LONG BEACH, N.Y. (CBSNewYork) – Five firefighters from Long Beach who were laid off over the summer amid budget cuts have their jobs back, thanks in part to Sen. Charles Schumer.
Long Beach had just 25 full-time firefighters on the payroll when superstorm Sandy struck.
The flooding and the fires in the town of 33,000 that night not only made rescues a perilous venture but the department’s own equipment was either badly damaged or destroyed, CBS 2’s Steve Langford reported.
Schumer helped secure a $910,000 grant from the federal government to allow the Long Beach Fire Department to reinstate five young firefighters for the next two years.
“We are not going to abandon these communities. We are going to do everything we can to prepare them for the next storm,” Schumer said on Saturday. “God forbid if there’s another storm, now that the dunes are gone and unprotected, even a smaller storm could create damage. Thank God these five firefighters will be here.”
The rescue effort on Long Beach got an assist from some of these laid off firefighters and some other volunteers, Langford reported.

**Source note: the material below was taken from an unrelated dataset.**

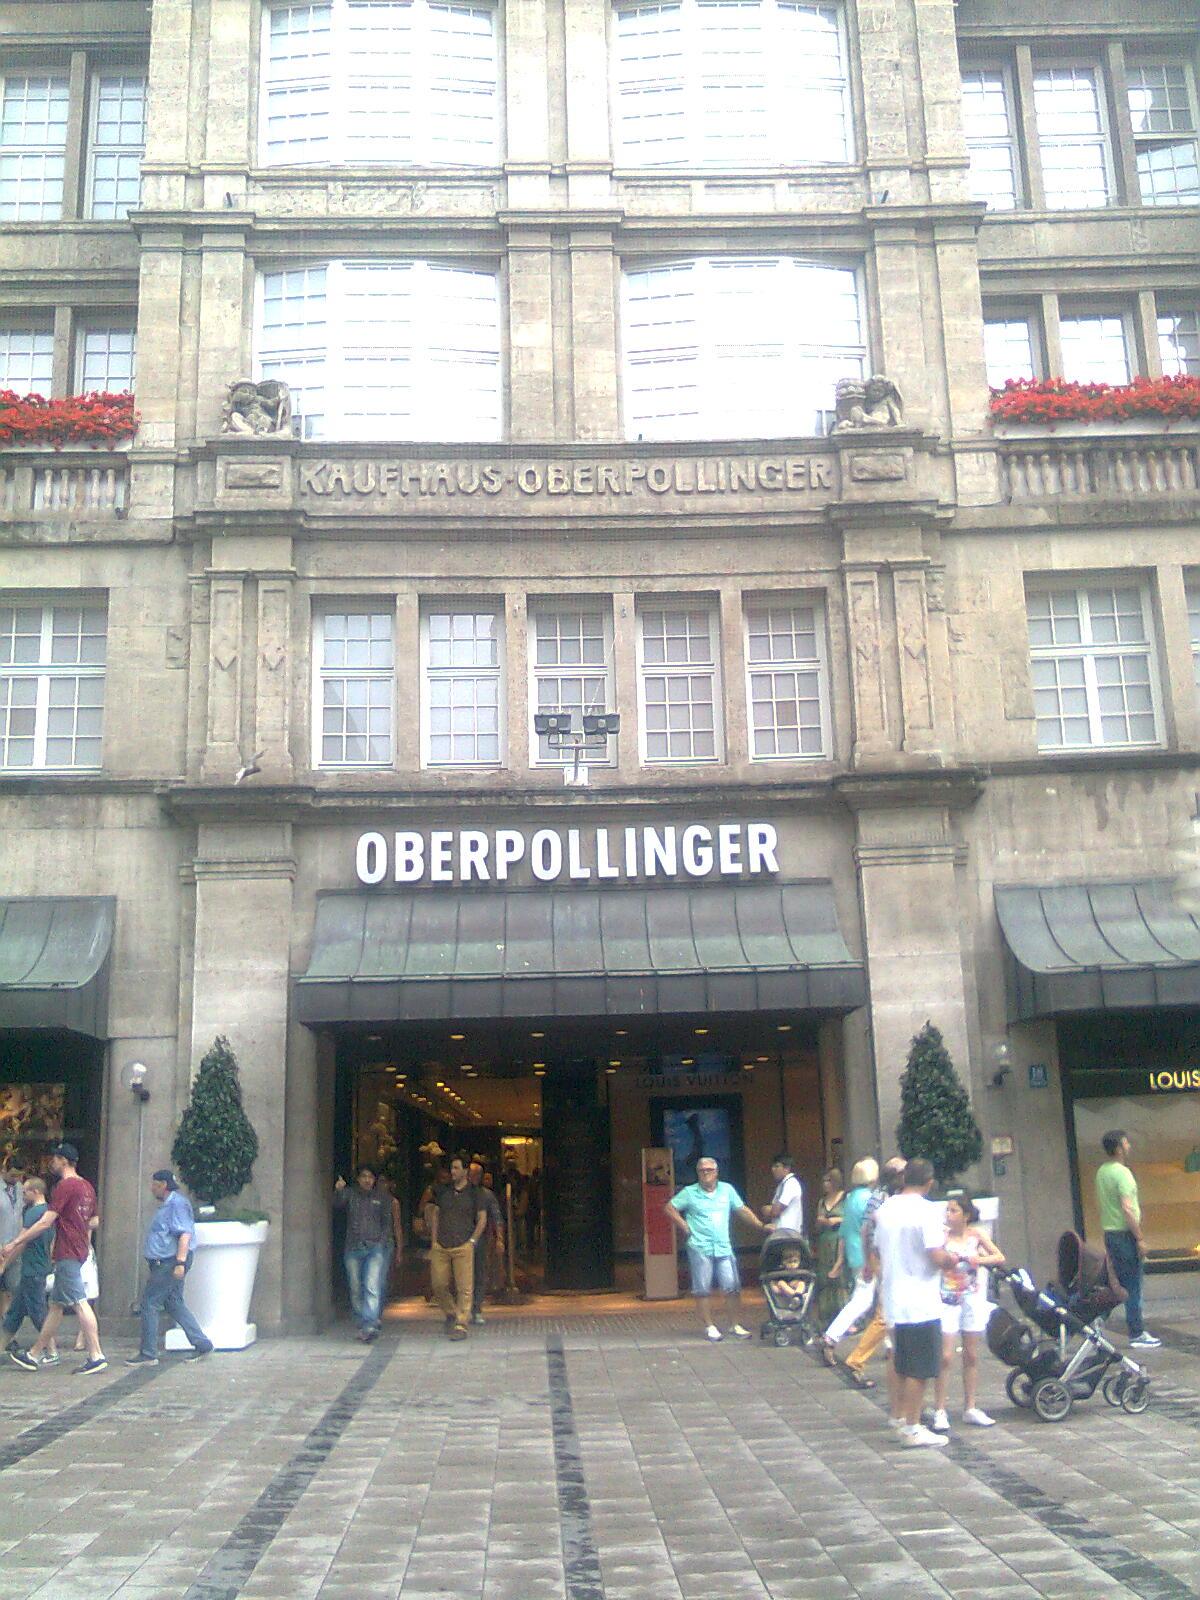 f5d3432f29612e ➤ Essanelle Ihr Friseur - Karstadt Oberpollinger 80331 München ...
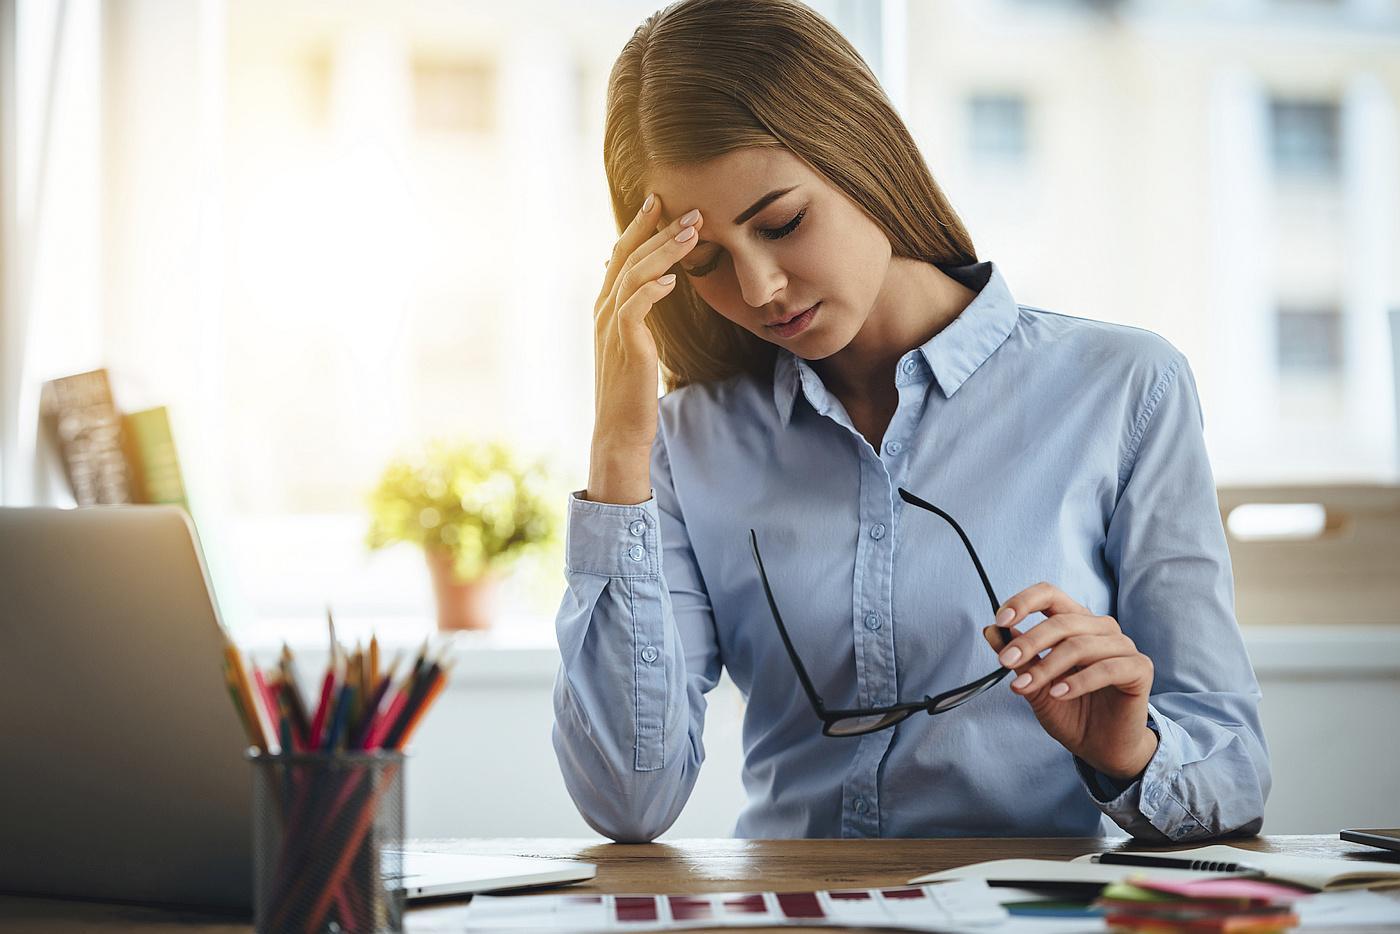 """Događa li vam se često da ste neproduktivni ili da neprestano """"skačete"""" s jedne na drugu stvar? Možda ste žrtva neke od ovih navika."""

“Two of our volunteers firefighters with an inflatable boat threw a portable pump in it and they walked, pulling the boats with hose and a pump to try to put water on this fire,” Long Beach Fire Commissioner Scott Kemins said.
“These guys never abandoned us, they never abandoned their citizens, they never abandoned the city,” said Long Beach Fire Chief Richard Corbett.
The reinstatement of these firefighters comes as elected officials from New York are struggling to make the larger case for help from Washington.
“So now we want the rest of the country to stand by New York,” Schumer said.
Last week, Mayor Michael Bloomberg met with Congressional leaders to appeal for $10 billion in federal funding to help cover damage from Sandy.
New Jersey Gov. Chris Christie said Sandy cost the state nearly $37 billion in damage and that he will appeal for all of that to be covered by the federal government.
New York Gov. Andrew Cuomo put the total cost of Sandy for the state at $32 billion.